Considering the load problem of the aggregation end (log processing, cleaning, etc.) and the transmission efficiency of the collection end, queues are usually added at the collection end and the aggregation end when the amount of logs is large, so as to realize the peak cancellation of logs.
ELK log process can have many schemes (different components can be combined freely, according to their own business configuration). The common schemes are as follows:
- Logstash (acquisition, processing) - > elasticsearch (storage) - > kibana (display)

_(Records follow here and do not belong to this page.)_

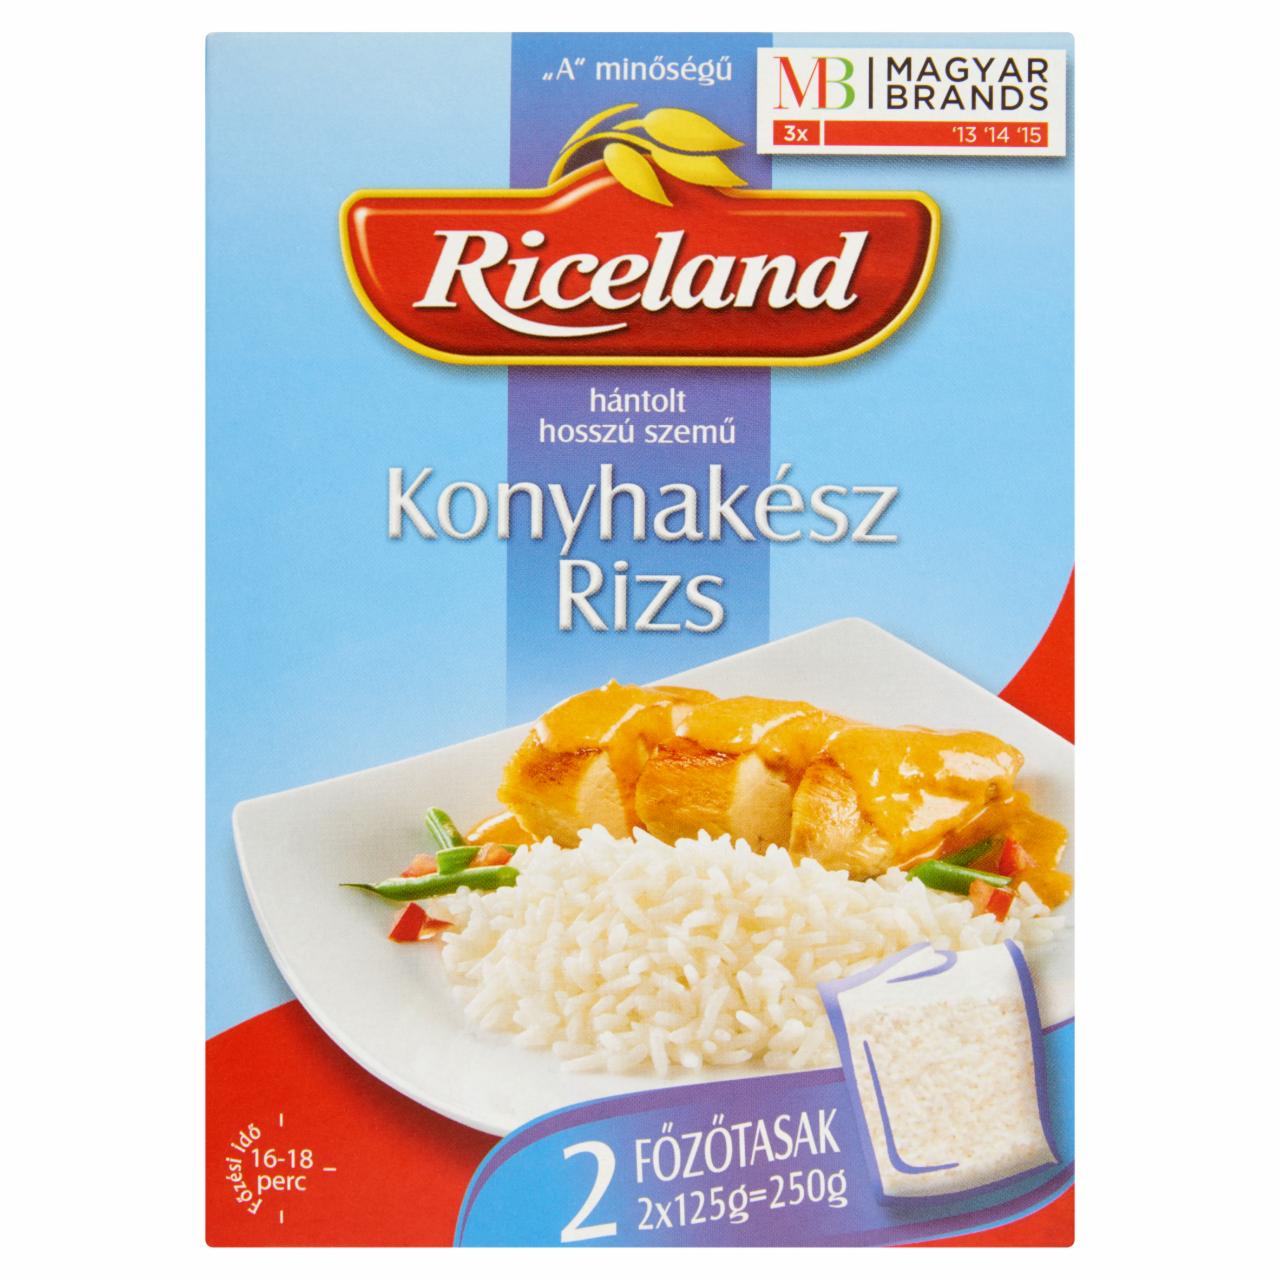 Képek - Riceland 'A' minőségű hántolt, hosszú szemű, konyhakész rizs 2 x 125 g (250 g)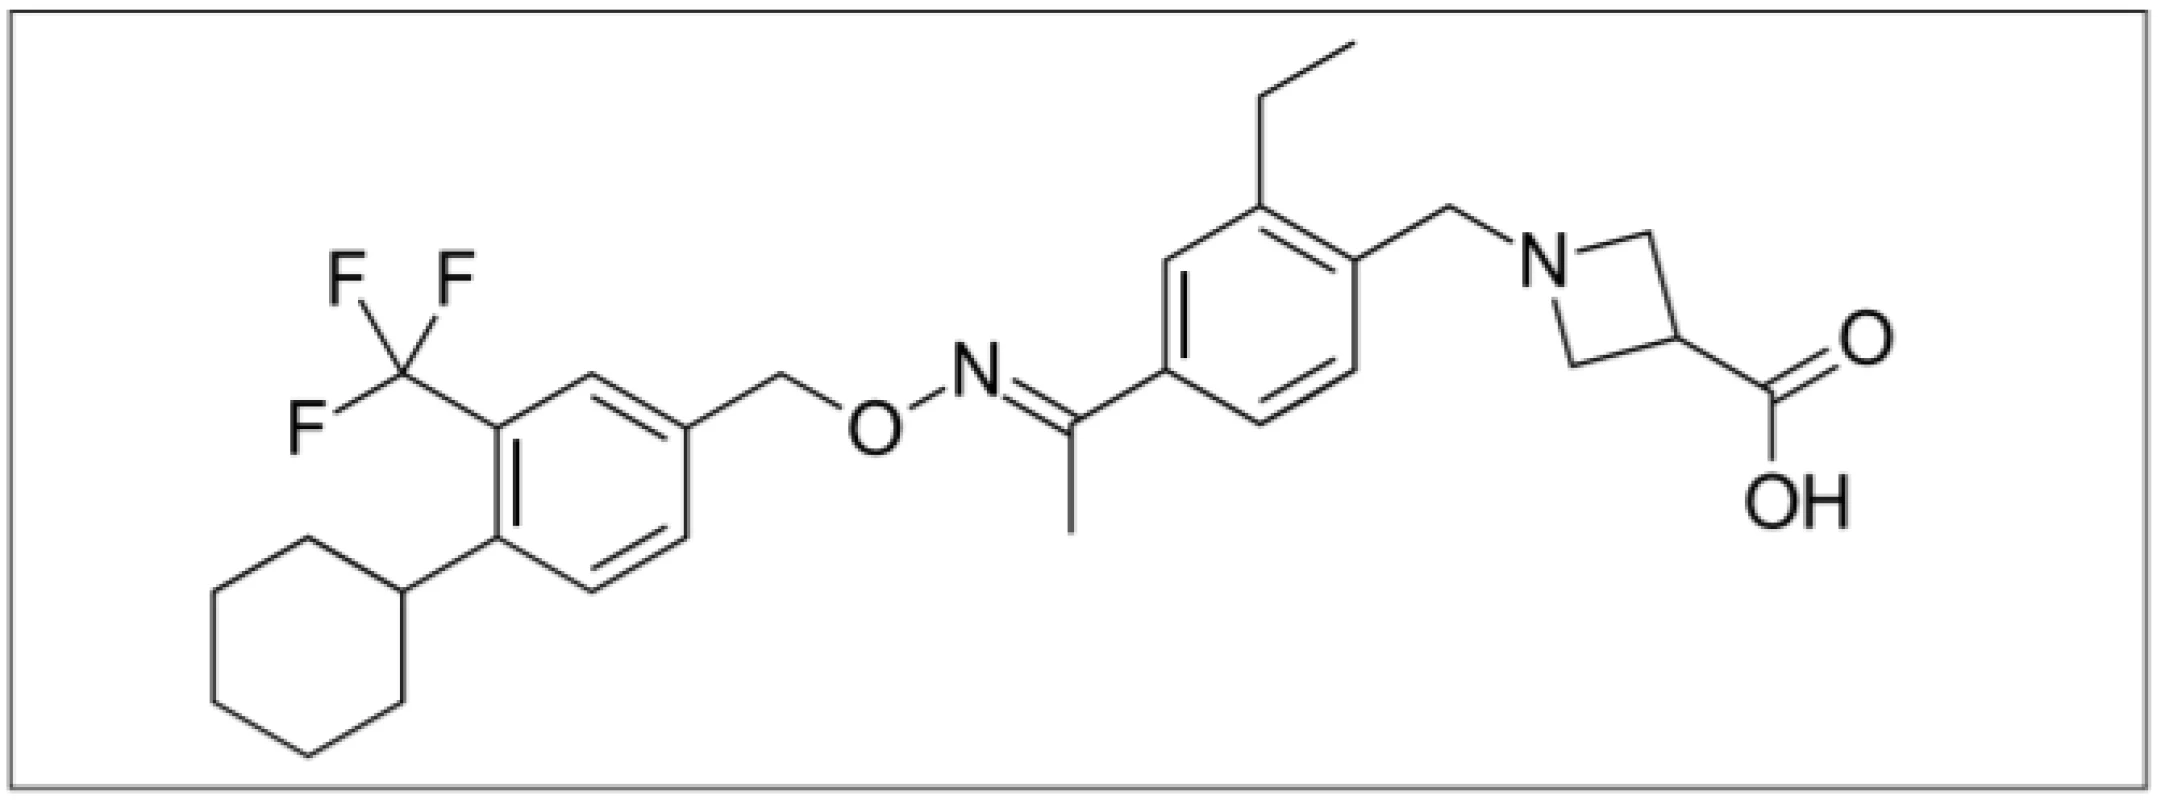  BAF312 (1-(4-{1-[(E)-4-cyclohexyl3 – trifl uoromethylbenzyloxyimino]-ethyl}-2-
ethylbenzyl)- azetidine-3-carboxylic acid) selektivní modulátor S1P1 a S1P5 receptorů
umožňující S1P1 receptorově-závislou modulaci transportu lymfocytů bez mediačního
účinku S1P3 receptoru [12].<br>
Fig. 1. BAF312 (1-(4-{1-[(E)-4-cyclohexyl-3 – trifl uoromethylbenzyloxyimino]-ethyl}-2-
ethylbenzyl)- azetidine-3-carboxylic acid) selective modulator of S1P1 a S1P5 receptors
enabling S1P1 receptor-dependent lymphocyte transport without the eff ect of the S1P3
receptor [12].

- Logstash (Collection) - > logstash (aggregation, processing) - > elasticsearch (storage) - > kibana (display)
- Filebeat (collection, processing) - > elasticsearch (storage) - > kibana (display)
- Filebeat (Collection) - > logstash (aggregation, processing) - > elasticsearch (storage) - > kibana (display)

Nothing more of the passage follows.